Baltic OI '06 P5 - RLE Compression

View as PDF

Submit solution


Points: 20
Time limit: 5.0s
Memory limit: 64M

Problem type

RLE is a simple compression algorithm used to compress sequences containing subsequent repetitions of the same character. By compressing a particular sequence, we obtain its code. The idea is to replace repetitions of a given character (like aaaaa) with a counter saying how many repetitions there are. Namely, we represent it by a triple containing a repetition mark, the repeating character and an integer representing the number of repetitions. For example, aaaaa can be encoded as #a5 (where # represents the repetition mark).

We need to somehow represent the alphabet, the repetition mark, and the counter. Let the alphabet consist of n characters represented by integers from the set \Sigma = \{0, 1, \dots, n-1\}. The code of a sequence of characters from \Sigma is also a sequence of characters from \Sigma. At any moment, the repetition mark is represented by a character from \Sigma, denoted by e. Initially e is 0, but it may change during the coding. The code is interpreted as follows:

  • any character a in the code, except the repetition mark, represents itself,
  • if the repetition mark e occurs in the code, then the two following characters have special meaning:
    • if e is followed by ek, then it represents k+1 repetitions of e,
    • otherwise, if e is followed by b0 (where b \ne e), then b will be the repetition mark from that point on,
    • otherwise, if e is followed by bk (where b \ne e and k > 0), then it represents k+3 repetitions of b.
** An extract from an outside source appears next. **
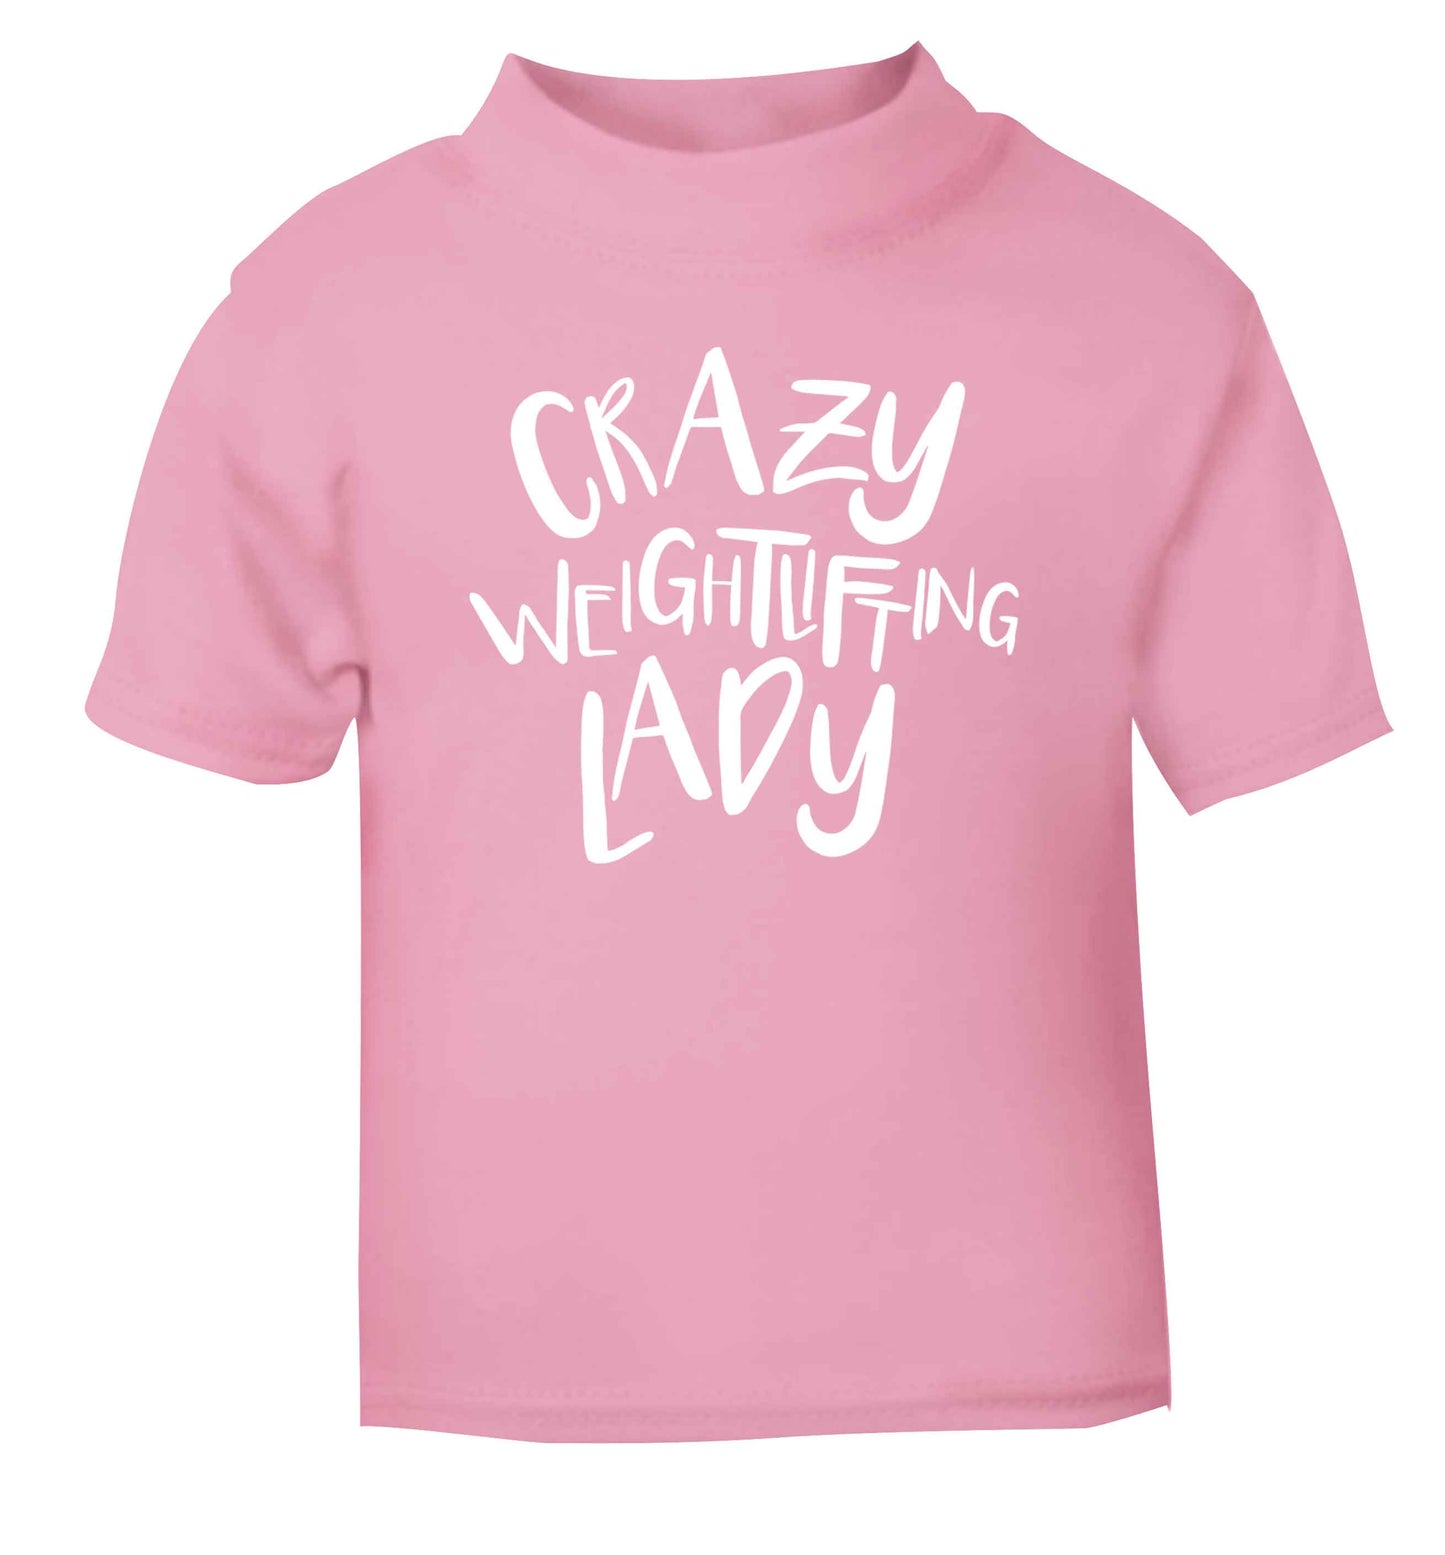 Crazy weightlifting lady light pink Baby Toddler Tshirt 2 Years

Using the above scheme, we can encode any sequence of characters from \Sigma. For instance, for n = 4, the sequence 1002222223333303020000 can be encoded as 10010230320100302101. First character of the code 1 means simply 1. Next 001 encodes 00. Then, 023 represents 222222, 032 represents 33333, and 010 switches the repetition mark to 1. Then 0302 represents itself and finally 101 encodes 0000.
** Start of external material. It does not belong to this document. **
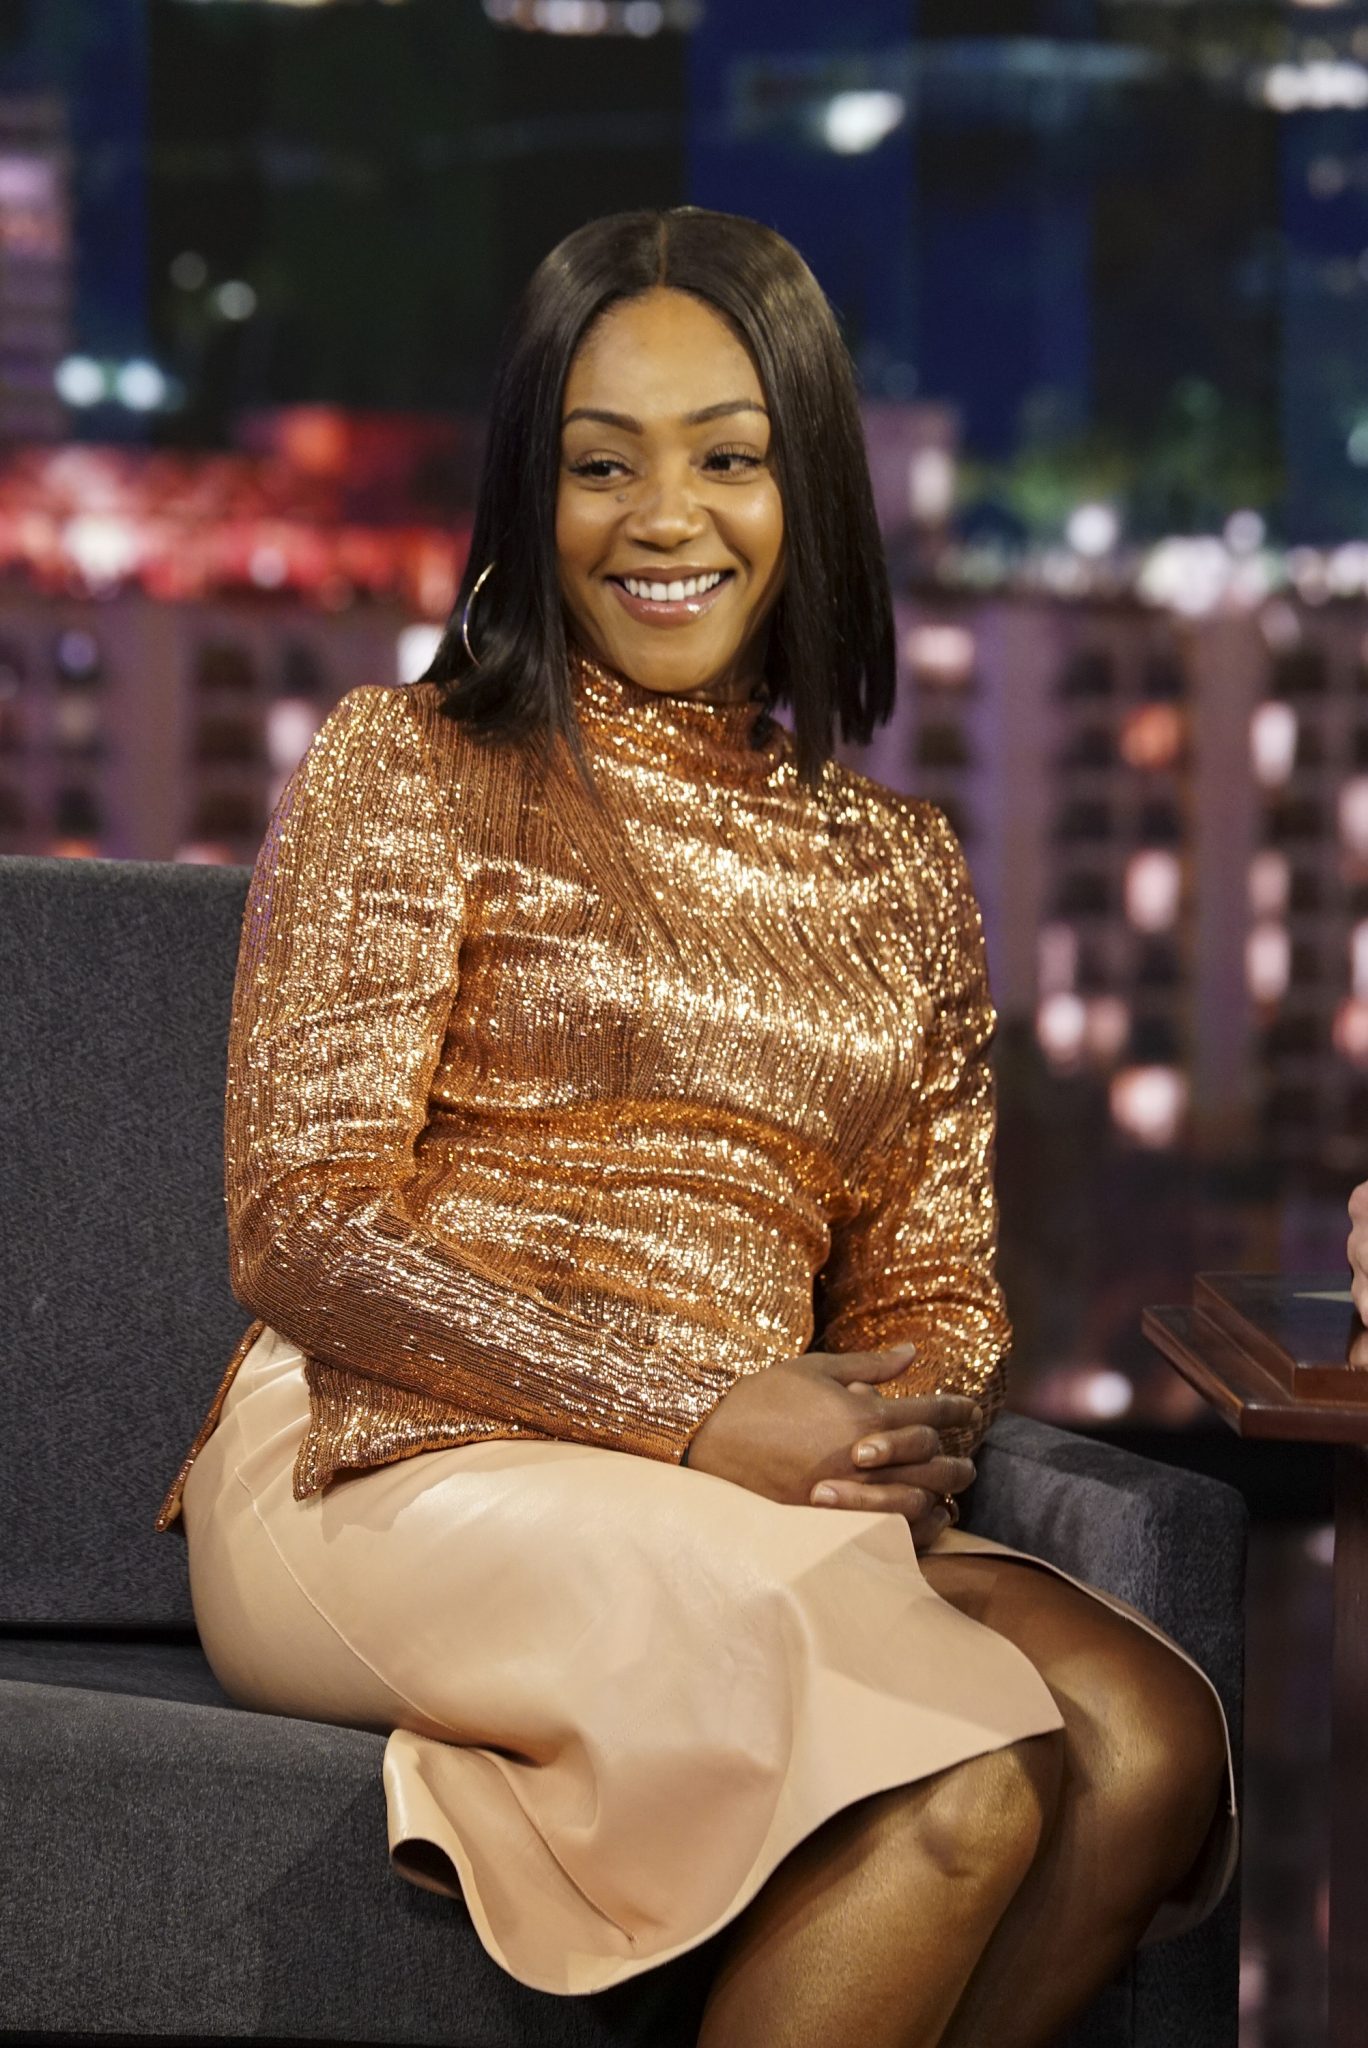 In Case You Missed It: Tiffany Haddish On Jimmy Kimmel Live

A sequence may be encoded in many ways and code length may vary. Given an already encoded sequence, your task is to find a code with the least number of characters.

Write a program that:

  • Reads the size of the alphabet and the code of a sequence.
  • Finds the shortest code for that sequence.
  • Writes the result.

Input Specification

The first line contains one integer n (2 \le n \le 100\,000): the size of the alphabet. The second line contains one integer m (1 \le m \le 2\,000\,000): the length of the code. The last line contains m integers from the set \{0, 1, \dots, n-1\} separated by single spaces, representing the code of a sequence.

Output Specification

The first line should contain one integer m': the least number of characters in a code representing the given sequence. The last line of the output should contain m' integers from the set \{0, 1, \dots, n-1\} separated by single spaces: the code of the sequence. If there exist several shortest sequences, your program should output any one of them.

Sample Input 1

4
20
1 0 0 1 0 2 3 0 3 2 0 1 0 0 3 0 2 1 0 1

Sample Output 1

19
1 0 1 0 0 0 1 2 3 1 3 2 0 3 0 2 1 0 1

Sample Input 2

14
15
10 10 10 0 10 0 10 10 13 10 10 13 10 10 13

Sample Output 2

9
0 10 13 0 10 13 0 10 10

Comments

There are no comments at the moment.